GOAL OF THE EXERCISE: Using the entries that follow, transcribe only the lines from the line with "BeautyBigBang 6*12 см" to the line with "Fulham - Liverpool", both included, exactly as they stand and without pictures.

RECORD EXTRACTS:
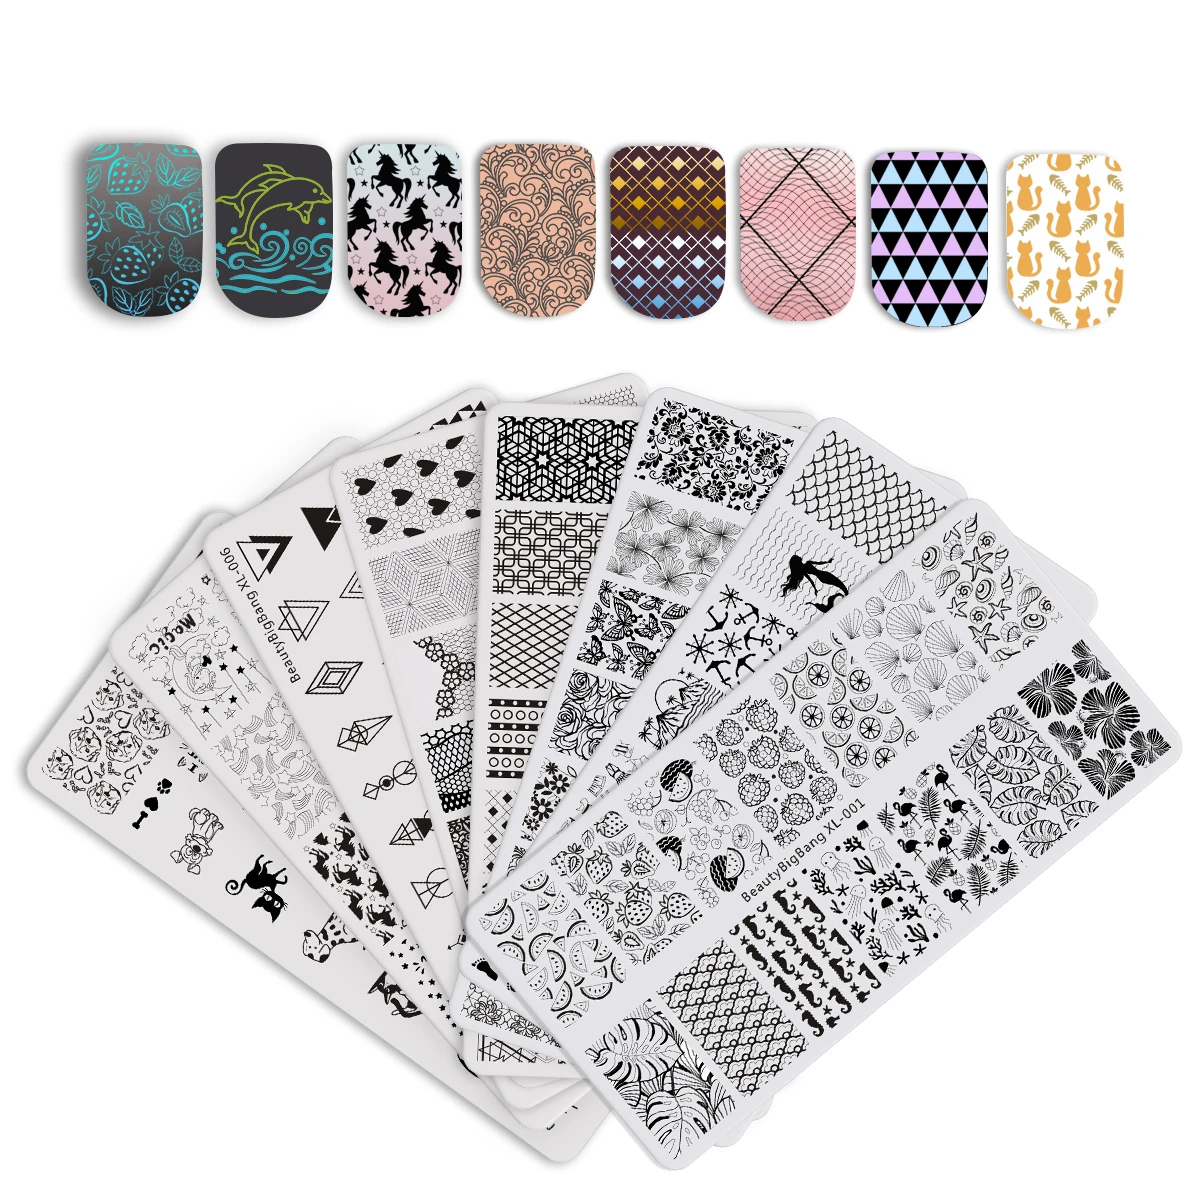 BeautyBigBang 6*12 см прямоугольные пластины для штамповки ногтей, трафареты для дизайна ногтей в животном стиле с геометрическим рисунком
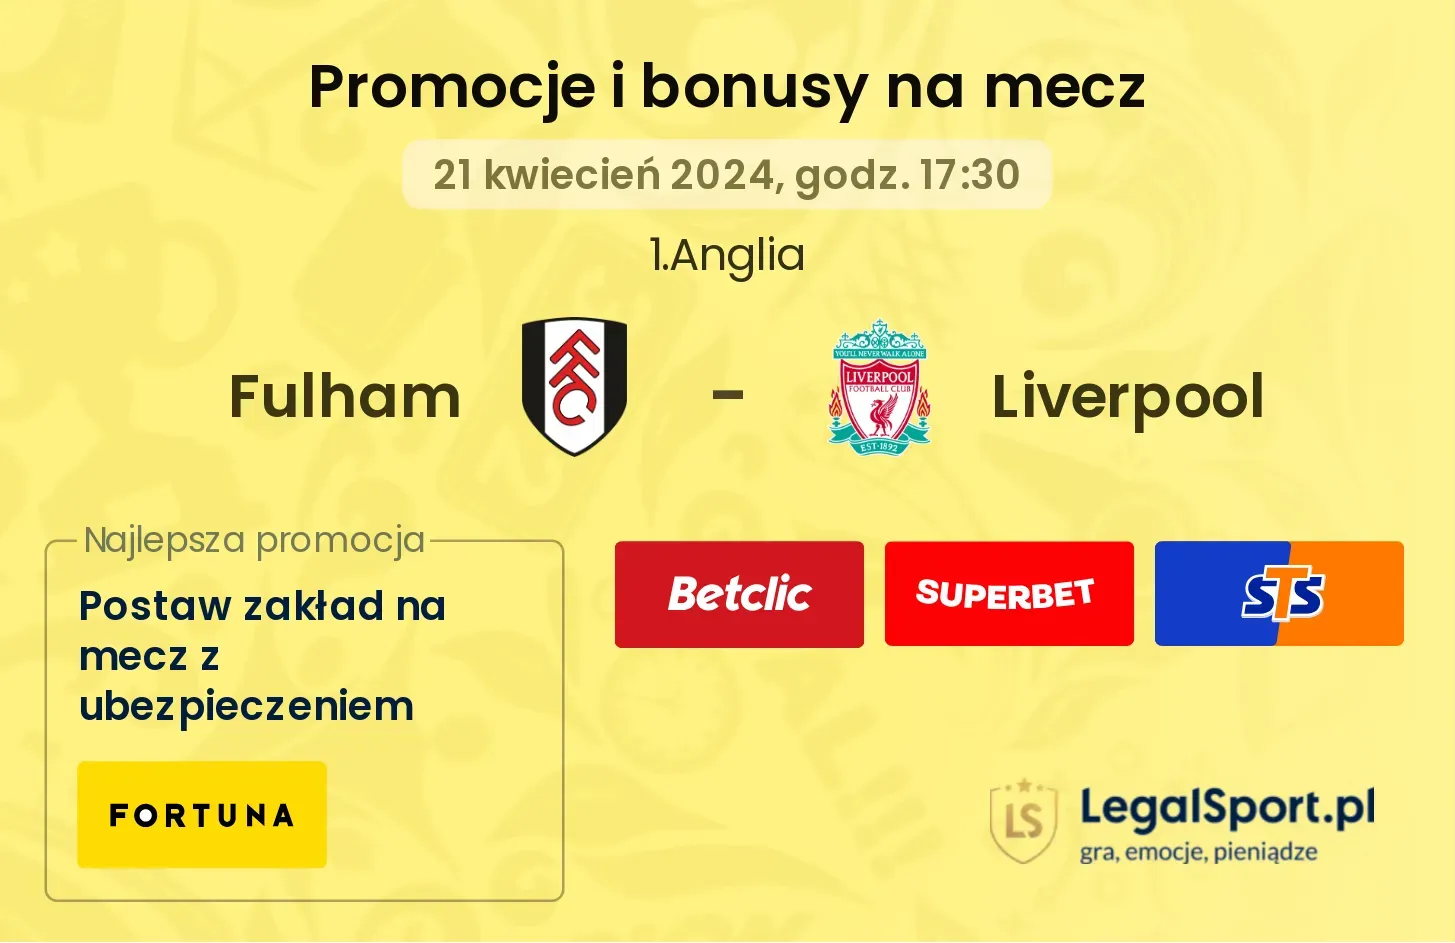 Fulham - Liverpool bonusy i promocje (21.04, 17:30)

...

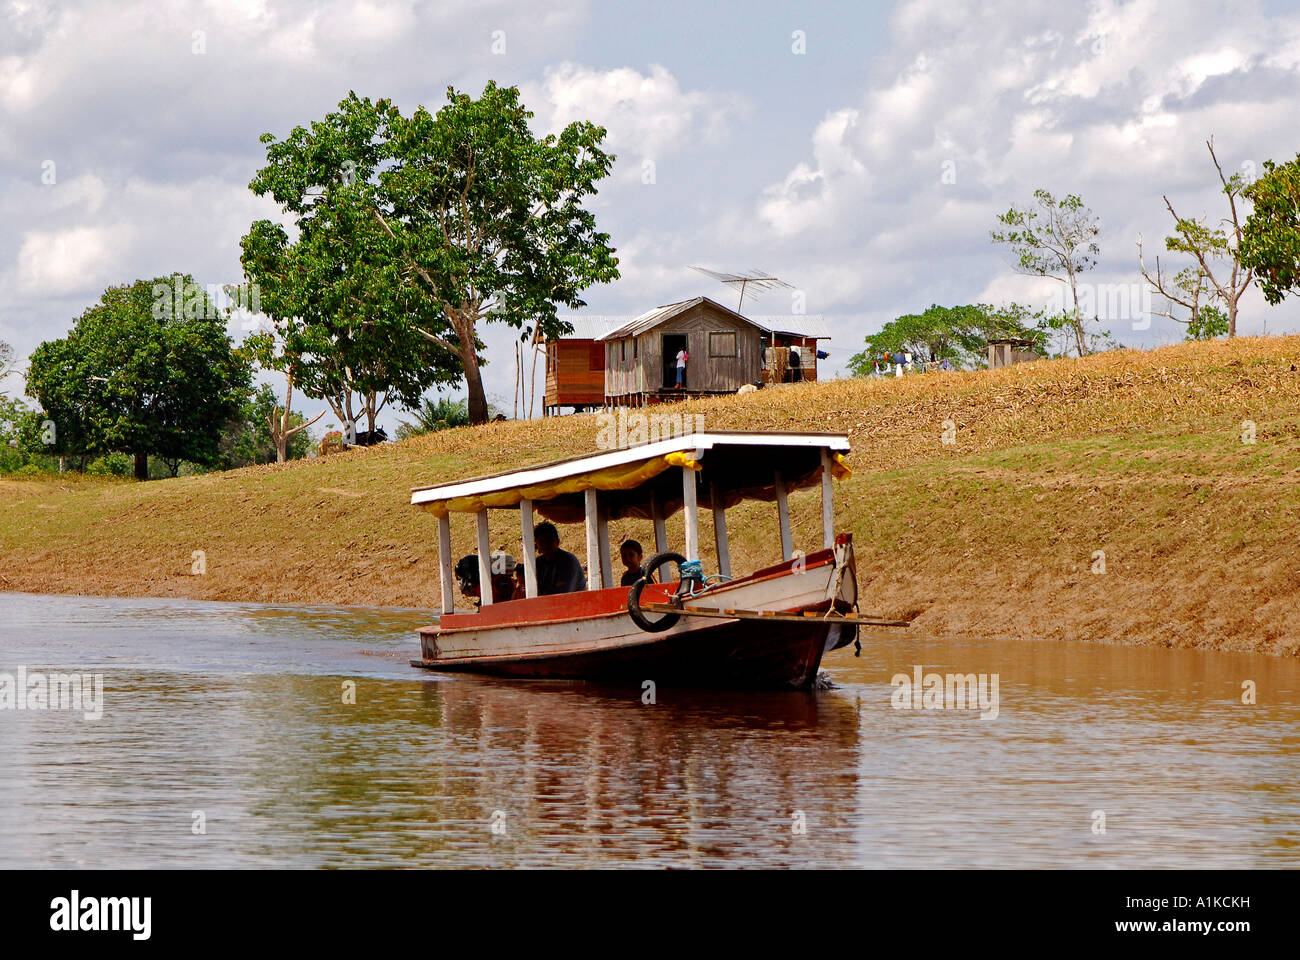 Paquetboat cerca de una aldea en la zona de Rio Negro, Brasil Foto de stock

TASK RESPONSE:
 BeautyBigBang 6*12 см прямоугольные пластины для штамповки ногтей, трафареты для дизайна ногтей в животном стиле с геометрическим рисунком
 Fulham - Liverpool bonusy i promocje (21.04, 17:30)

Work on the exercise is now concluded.